You might think that what has happened is the worst thing ever.
You’d be wrong.
Don’t get me wrong, what happened was terrible, and is a tragedy, and should never have happened.
There are nine people who—one month and ten days ago—were part of this community who are no longer. One of those nine was the reason for the tragedy.
And if that person had just decided to shoot themselves? It would have been terrible enough. But they took with them their mother, half-brother, a teacher’s assistant and five students from Tumbler Ridge Secondary School whose names will forever be imprinted on our hearts and minds: Abel, Ezekiel, Tiki, Zoey, Kylie.
Two others—Paige and Maya—were wounded. Maya is still in the hospital; conscious, but unable to communicate other than with a pair of yes/no paddles that she can look at to answer simple questions.
The pain was—is—felt around the globe. Never mind that Abel is a Zambian National, his father in town to work at the mine.
Even now, the newspaper Facebook page get dozens of comments a day on posts about Maya from people across the country and around the world.
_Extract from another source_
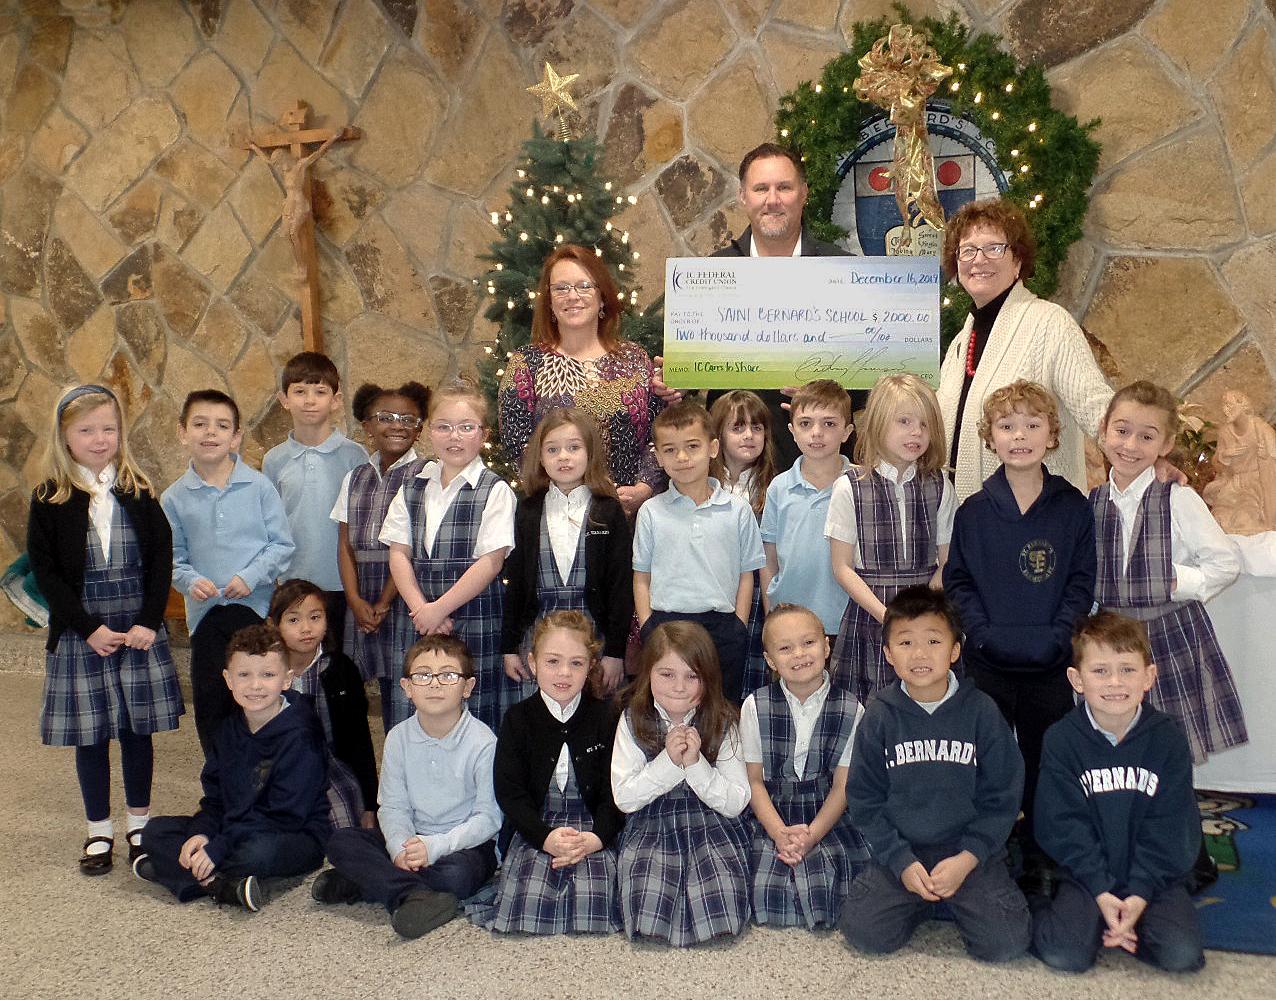 St. Bernards - IC donation
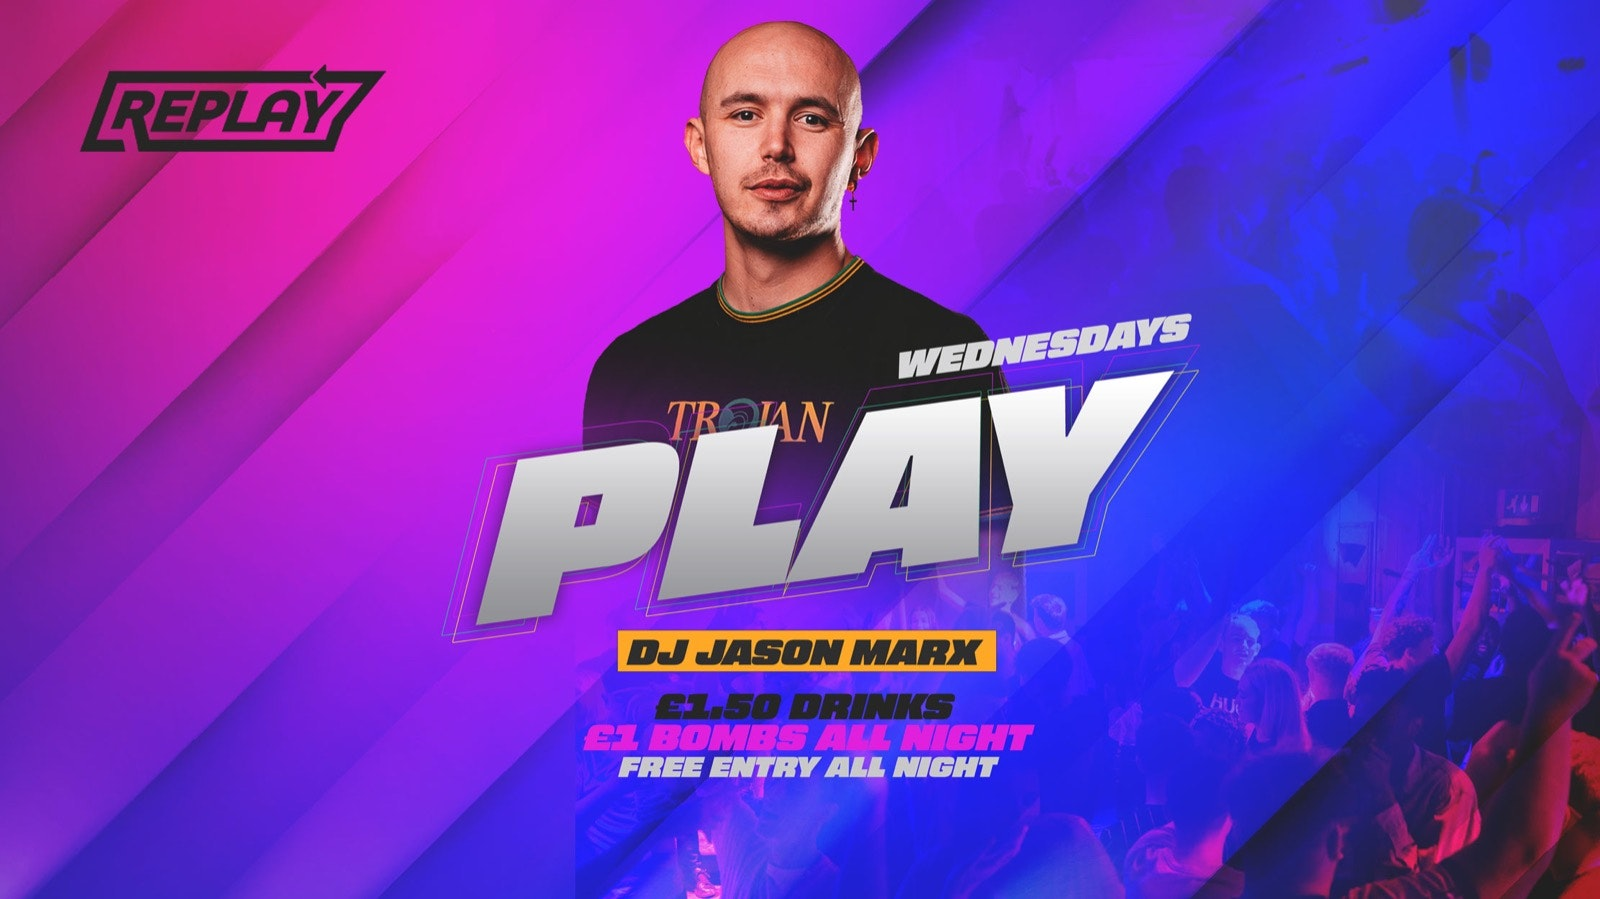 Disco Bingo + Play Wednesdays At Replay

“So glad she is doing well. One day at a time. You got this Maya. Prayers for you and your family everyday,” says one.
“So awesome to see Maya getting stronger everyday!! Sunshine is so good for healing and feel good vibes!! Rooting for your continued recovery from Michigan!!” says another.
And you know when you are in the thoughts of people from Michigan, the tragedy must be great indeed.
I still find myself starting to cry when I think about what happened.
So, yes, losing these lives—those children—in this manner? Was horrendous. It is impossible to put into mere words the scope of the pain and sorrow this community still bears.
But worse than what happened here is to have experienced this, and be changed for the worse.
It would be worse to come out of this hating whomever it is you think is to blame. The trans or the Muslims (really? yes, really. Someone posted an anti-Muslim screed on one of my posts about what happened here) or the pro-gun lobby or the anti-gun lobby or the politicians or the RCMP or the mother or the father or the AI company or social media or the parents or even the shooting.
If we allow ourself to become bitter, cynical and hateful? That would be far worse.
It’s going to be hard to not let this change us for the worse in some way.
In the days after the shooting, I got many emails from other reporters across the country, many who had dealt with situations like this.
One of those emails came from the former editor of the Fort McMurray Today.
“I was with Fort McMurray Today as a reporter during the 2016 wildfire,” he says. “I am reaching out because I have been thinking about the aftermath of the wildfire. There was a lot of ‘Fort Mac Strong’ and talks about getting through it together.
“But domestic violence rates soared, people got screwed by builders and insurance providers, and I know a few people who left. The burnout from firefighters and police officers was through the roof.
“I admit the site of wildfire smoke on the horizon still makes me nervous, and I drank much more than I should have that summer.
“A lot of the community rallied and came together, but a lot of people were not OK.
“The next few months will be hard. Anniversaries for years will be hard. I’ve been through this, it’s rough.
“There will be moments when it will look like the community is tearing itself apart. There will be people who are angry and defeatist.
“You must not let these moments define the community or your neighbours. Remember who they are. Remember who you are. I remember feeling ashamed to slow down; you must not let this happen to you.
“As one community-minded journalist to another, I am cheering for you. I am cheering for Tumbler Ridge.”
That’s from someone who has watched a town go through a tragedy, and saw it come out the other side changed for the worse.
If the good Lord could grant me one wish, it would be that we would come through this better people.
That we would come out of this with more love for our fellow humans, not less. That we would extend grace more quickly and more deeply than we have before. That we would put ourselves in other’s shoes before casting judgment.
We’ve seen it go the other way. After the shooting, anti-trans messaging spiked, both in the states and, unfortunately, in Canada, too.
According to the American Journal for Public Health, transgender people experience 86.2 victimizations per 1000 persons compared with cisgender people’s 21.7 per 1000 persons.
Meanwhile, mass shootings by trans people make up less than one percent of the shootings that occur in the states. We blame the victims then wonder why they lash out. Perhaps if we treated humans—all humans, red, yellow, black, white, trans, gay, liberal or conservative—as people struggling to make it in this messed up world as opposed to something “other” that must be opposed, there would be less hate, more understanding and more resources put towards helping others as opposed to figuring out new ways to kill the other, the world might be a better place. This is not a new message, nor is it unique. But it is hard. So much easier to write people off, to slap a label on them.
On the latest U2 album, Bono sings: “The worst can’t kill what’s best in us, but they can try.”
We have seen the worst that humanity can offer. Let us respond not with hate, but with love, with kindness, with gentleness. Let us band together as a community and support and protect everyone equally. Because if we don’t, then who will?
Trent is the publisher of Tumbler RidgeLines.